The attack that has left McIntosh in a coma is not the family’s first experience with senseless violence. His father was beaten nearly to death by Jamaican police for his outspoken views on cannabis, civil rights and police brutality, so seeking justice for Jawara, and shedding light on the brutal conditions in U.S. correctional institutions, has taken on an even deeper meaning.

“The family is fighting for Jawara,” says Jasmine Rand, the attorney representing the McIntosh family. “But this is also the family of Peter Tosh who co-authored ‘Get Up, Stand Up,’ who fought for others, and the family has carried that mission into this fight for Jawara. Rastafari people believe in the concept of ‘I and I,’ I am a part of my brother, I am a part of my sister. The family can’t fight for Jawara and not fight for the rights of other people.”

Cannabis lawyer Joseph Tully, who represented McIntosh in the criminal case, says that for him, one of the most tragic aspects was that his client would have been eligible for supervised release in just a few short weeks. “At the time it happened I was already in the process of working on a home electronic monitor or confinement release,” Tully says.

McIntosh was pulled over in New Jersey on June 15th, 2013 and 65 pounds of marijuana were found in the car. After spending more than six months in county jail, then being released on a $200,000 bond, Jawara pled to possession with intent to distribute and took a one-year sentence in August 2016, leaving him with six months to serve. He spent the fall working on various music projects, and then turned himself in at the Bergen County Jail in January 2017 to finish his sentence.

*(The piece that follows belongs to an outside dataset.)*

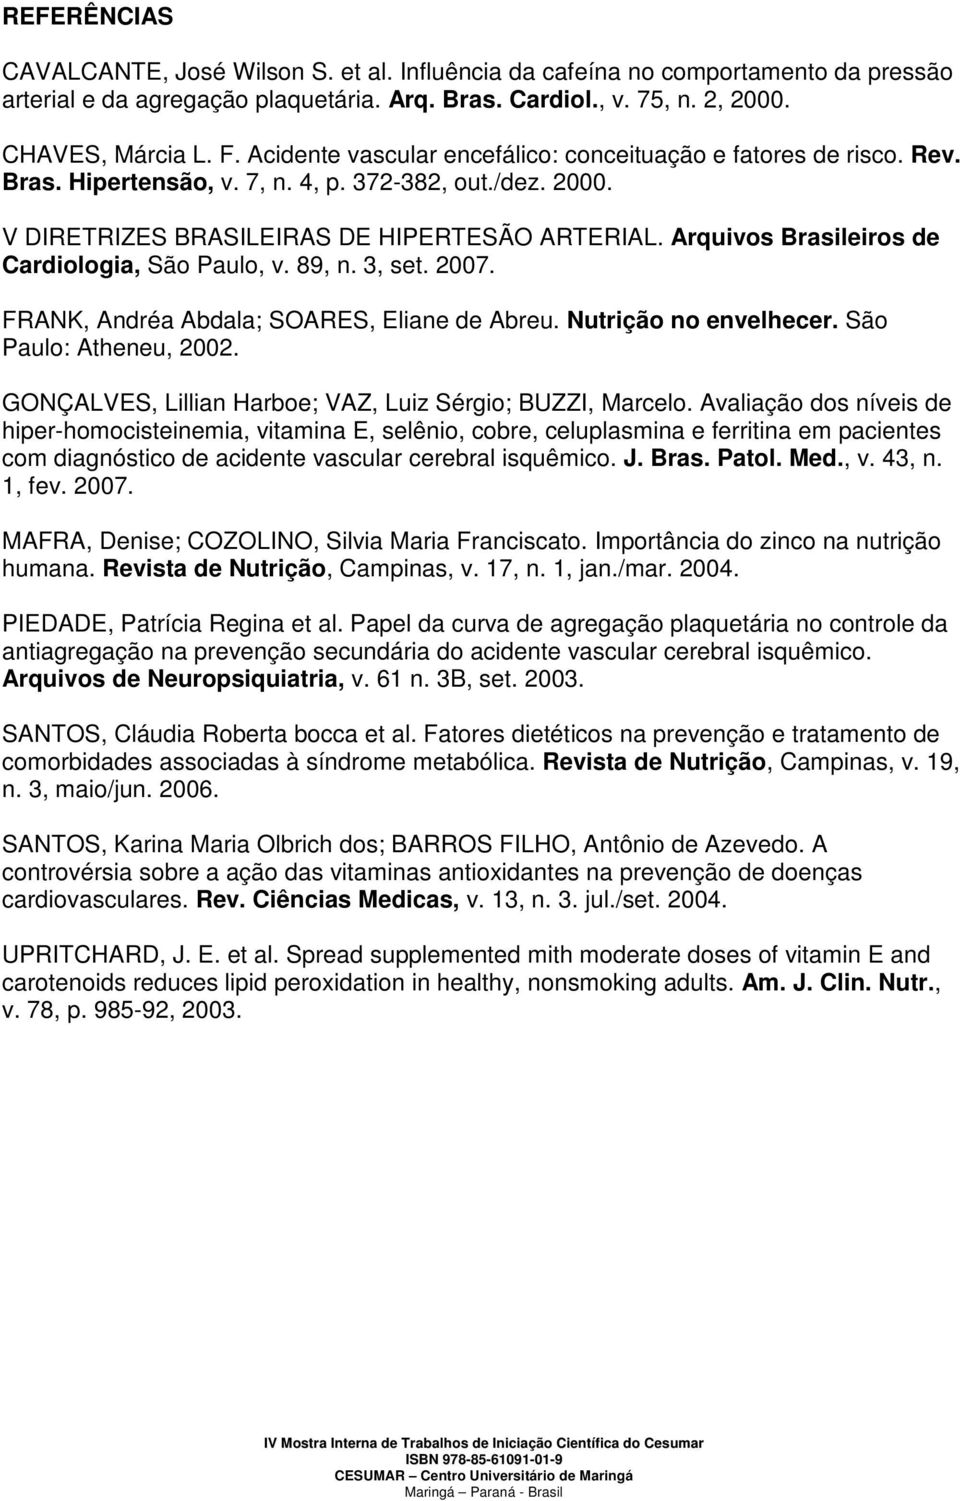 Arquivos Brasileiros de Cardiologia, São Paulo, v. 89, n. 3, set. 2007. FRANK, Andréa Abdala; SOARES, Eliane de Abreu. Nutrição no envelhecer. São Paulo: Atheneu, 2002.

Tully said that Jawara would have preferred to fight against what he saw as the unjust criminalization of cannabis in an open court, but that the plea deal made the most sense in the face of a five- to 10-year mandatory minimum sentence. “He was fighting his case as an activist,” says Tully. “One of the conversations we had, was that he wasn’t going to take deal, he was going to fight his case. He said, ‘Listen I’m my dad’s son.'”

While Tully and Jawara agreed that the law itself was unjust, and questioned the legality of the traffic stop that led to his arrest, they decided in the end that the plea was the most pragmatic choice. “As a person he didn’t deserve it but within the confines of law it was the best decision to go with,” says Tully, pausing to collect his emotions. Part of their logic in accepting the plea was that Jawara would be able to serve his time in county jail rather than in state prison, which Tully characterizes as typically populated by more violent offenders.

Brian Latture, manager of the Peter Tosh estate, had been working with Jawara on recording new versions of some of his father’s songs, as well as new work. The plan had been to release a remix of “Legalize It” on April 20th, a rallying cry for a new generation of cannabis activists, with special guests.

“The intent was a ‘We Are the World,’ so to speak, of cannabis,” says Latture over the phone. “It this was going to be a shared experience, and have contemporaneous music that people could identify with.”

Jawara had hoped to release an album as well, once he had completed his sentence. As a musician, he frequently turned to his mother for inspiration and feedback during the creative process. “He called me Mother Rhythm and he would say, ‘Mother Rhythm, you gotta hear this, I want you to listen to these lyrics,'” Cunningham says. “It was always spiritually motivated, it wasn’t like he had to sit down and see if he could write a song. Once it came to him he would pick up the phone and call me and say ‘I want you to listen to this,’ and that happened a lot. That’s how he wrote his music.”

Latture notes that Jawara’s injuries were not just devastating to his friends and family, but a loss to the musical community as well. “Everything he did was so inspiring and new, not having the ability to do that any longer is just a shame,” he says. “Everyone is very prayerful that there’s a recovery, but I don’t think we’re going to get those same vocals that we got last year and it’s very sad.”